Britain’s trade minister in charge of negotiating a free trade agreement (FTA) with India on Tuesday admitted the talks had hit a “bit of an impasse, which she broke by flying to New Delhi last month.
UK Trade Secretary Kemi Badenoch said the deal is now “back on track”, in an apparent reference to the Diwali 2022 deadline for the FTA set by former prime minister Boris Johnson being missed last October amid political turmoil in Britain.
Addressing Lancaster House in London in a speech laying out her Top five priorities for trade”, the minister insisted that she was a problem solver at heart and is confident a “high quality” deal will be struck with India.
“Some of you will know I was a software engineer and a systems analyst before I became a politician. That means I’m a problem solver at heart,” Badenoch told the business gathering.
“So when our Indian trade talks hit a bit of an impasse, I didn’t pick up the phone, I got on a plane. That deal’s not done yet, but it’s back on track,” she said.
Badenoch was in New Delhi in early December to hold talks with her counterpart, Commerce and Industry Minister Piyush Goyal, and kick off the sixth round of FTA talks.

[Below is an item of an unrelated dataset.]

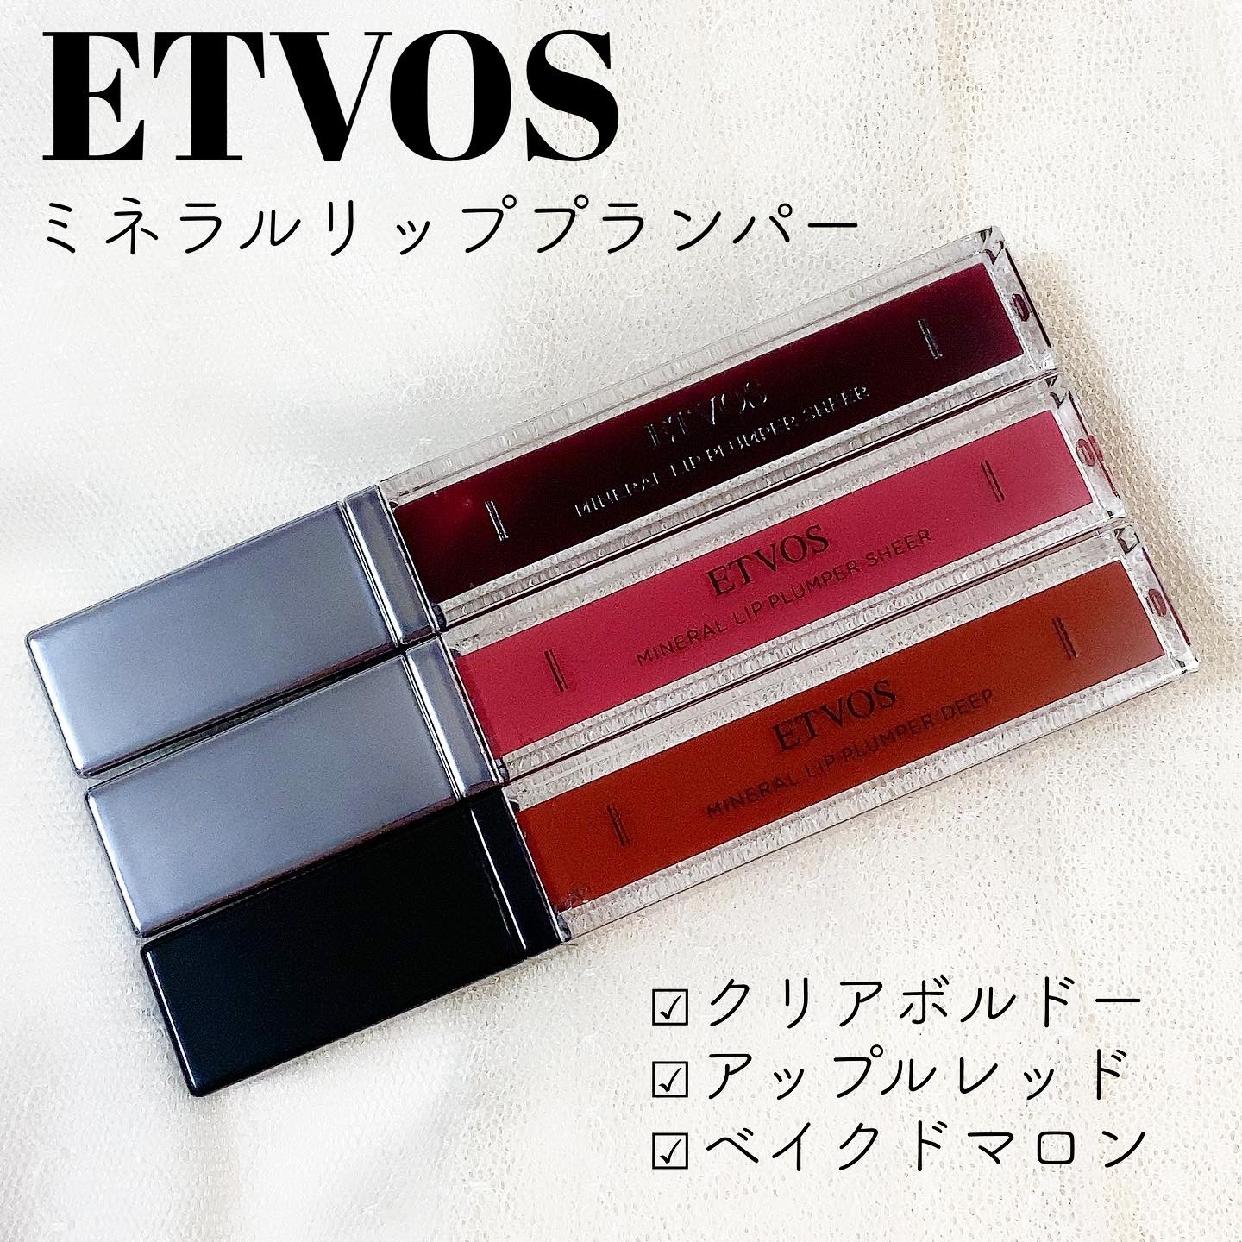 ETVOS(エトヴォス) ミネラルリッププランパー ディープを使った只野ひとみさんのクチコミ画像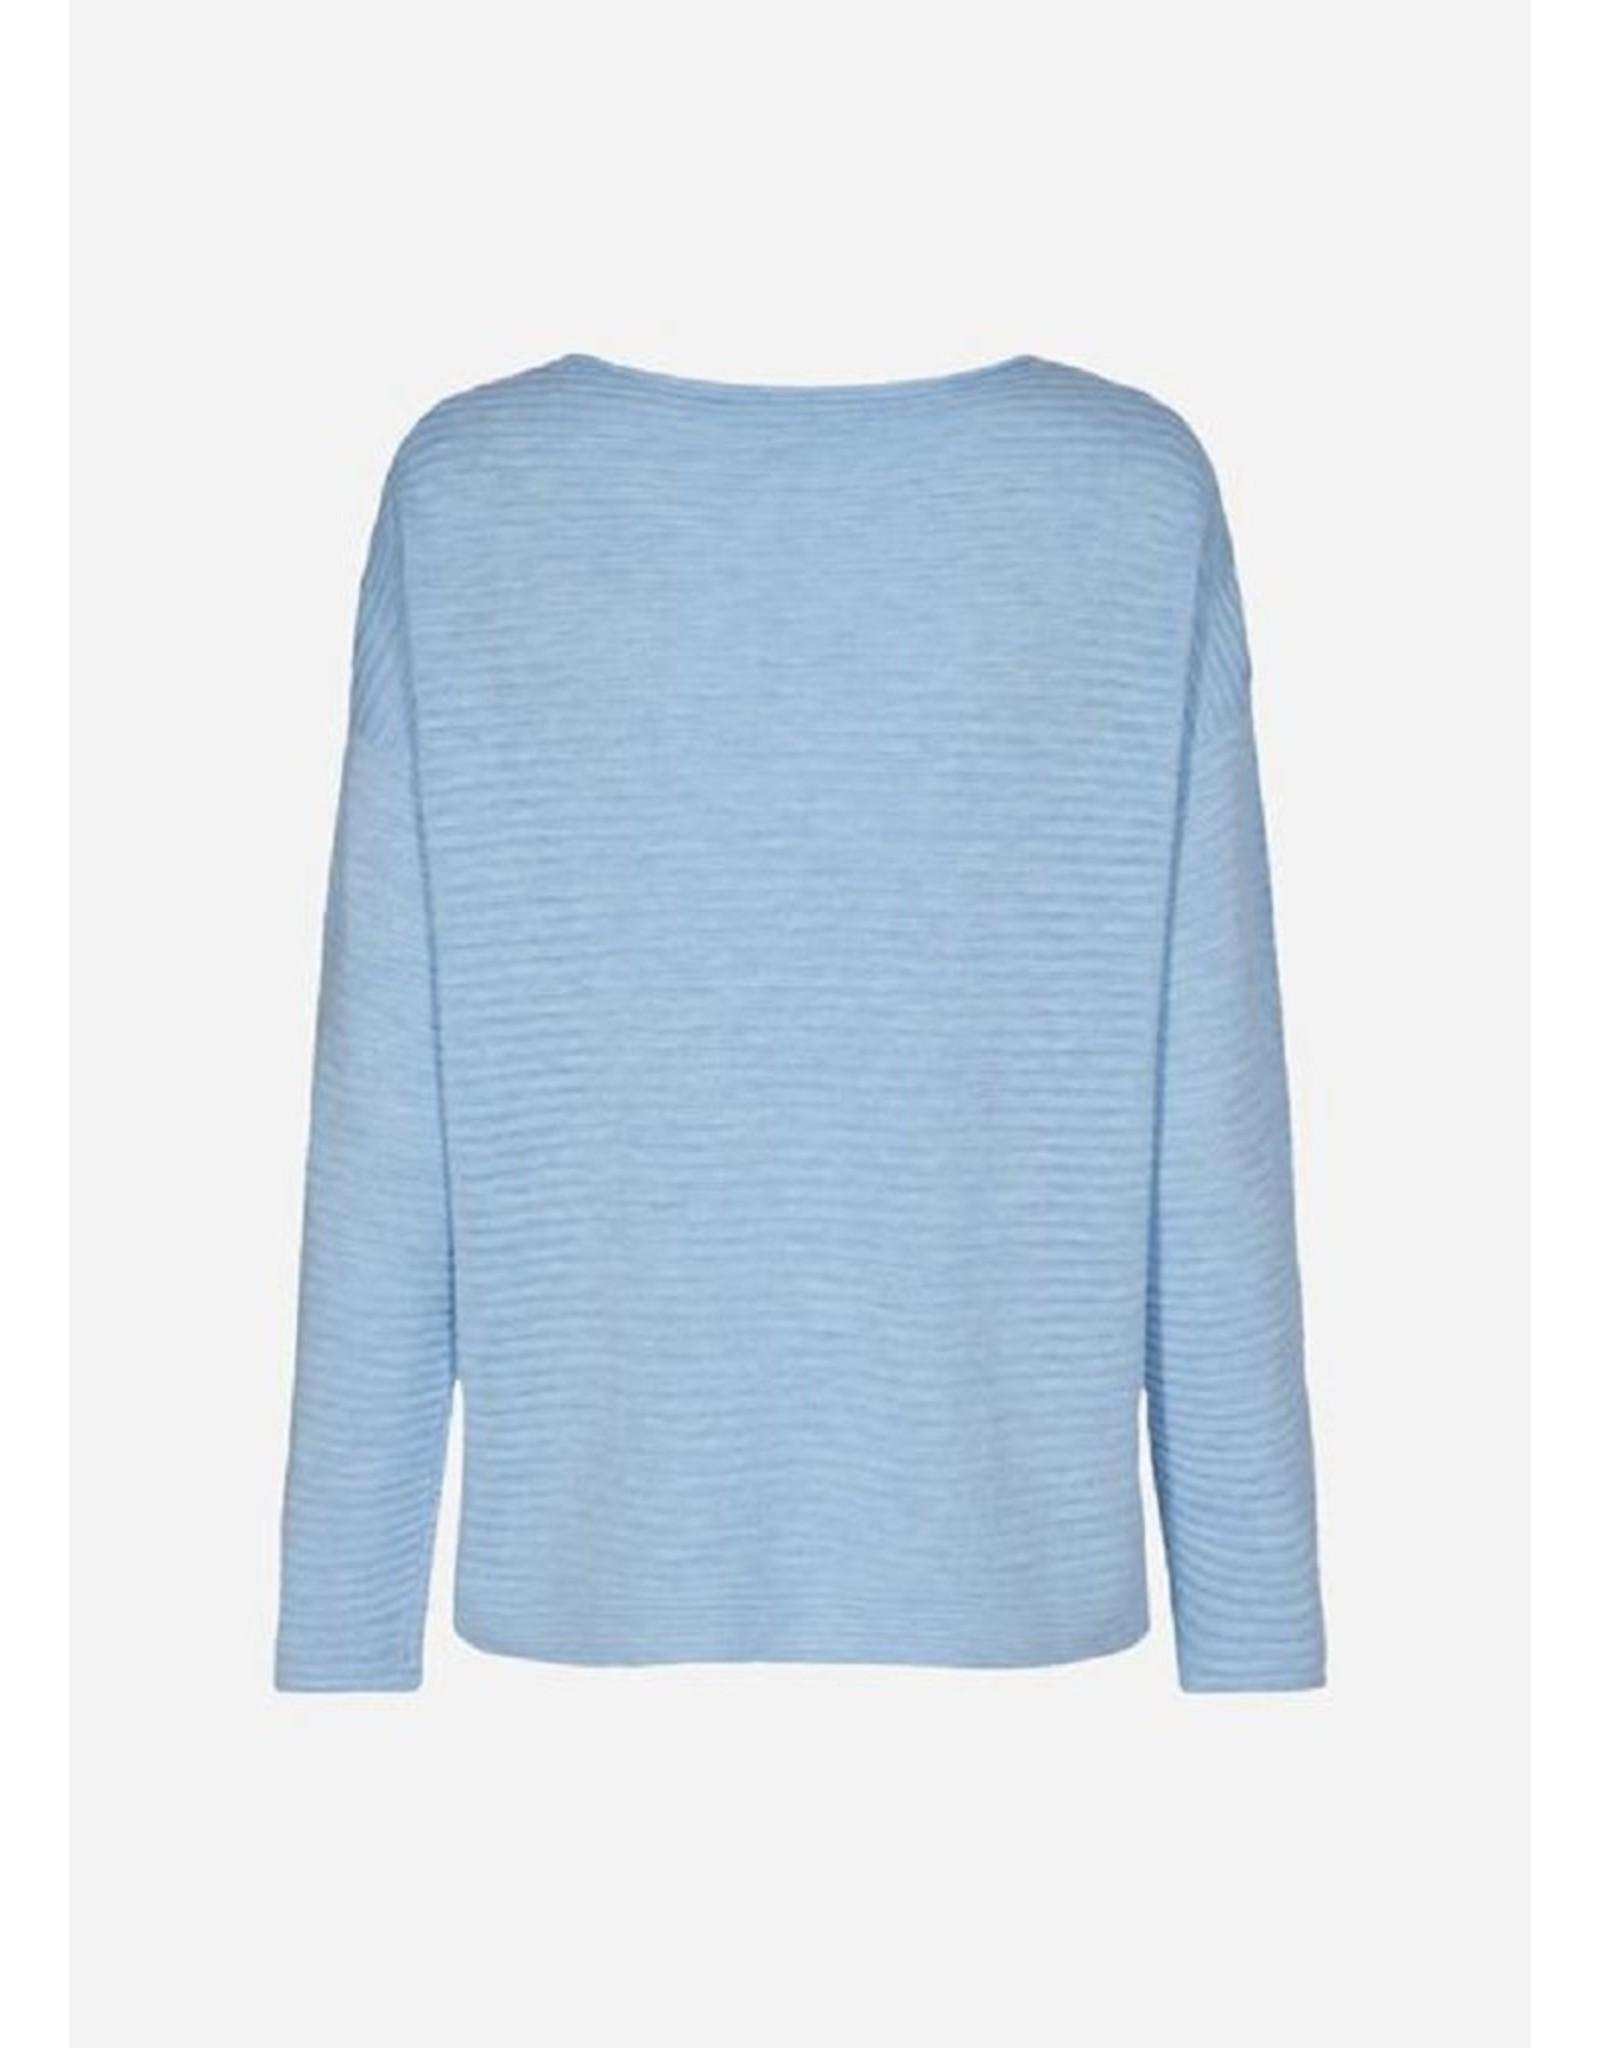 Soyaconcept Soyaconcept Niaka pullover Powder blue

The seventh round is expected in the UK in the coming weeks, with both sides reluctant to set a new deadline for completing the negotiations.
Highlighting clinching trade deals among her top priorities, the British minister said: “We will seal high quality deals with India and CPTPP [Comprehensive and Progressive Agreement for Trans-Pacific Partnership] they have a combined population of nearly 2 billion consumers opening exciting opportunities in fast-growing markets for years to come.
“But I want to be clear that just signing on the dotted line is not the objective. These deals will only be agreed if they are the right deals for the people of this country. Bringing in jobs and investment to left-behind communities and capitalising on those areas in which we specialise.”
With reference to the work being done by her Department for International Trade (DIT) in opening up the Indian market for UK businesses, the minister flagged the example of a north-west England pet food company. The Lancashire firm called VetPlus reportedly approached the DIT recently over a paperwork problem in selling their pet food products into India.
“We fixed it. And the company now expects to do GBP 1.5 million of additional business over the next five years. This is where my team comes in, she declared.
Laying out her plans for 2023, the trade minister vowed to remove trade barriers, knocking down “100 unnecessary blockers” standing in the way of helping UK businesses sell more and grow more, creating new jobs and paying higher wages.
“The UK is a leading destination for foreign investment. However, this position is not a given. There is fierce global competition for every pound of finance. I want to make the UK the most attractive place to invest in Europe, enticing companies from across the world to put their money into communities across the country, she said.
According to official UK government data, India-UK bilateral trade currently stands at around GBP 29.6 billion a year. Both sides formally launched FTA negotiations at the start of last year with the ambition to significantly boost that two-way exchange.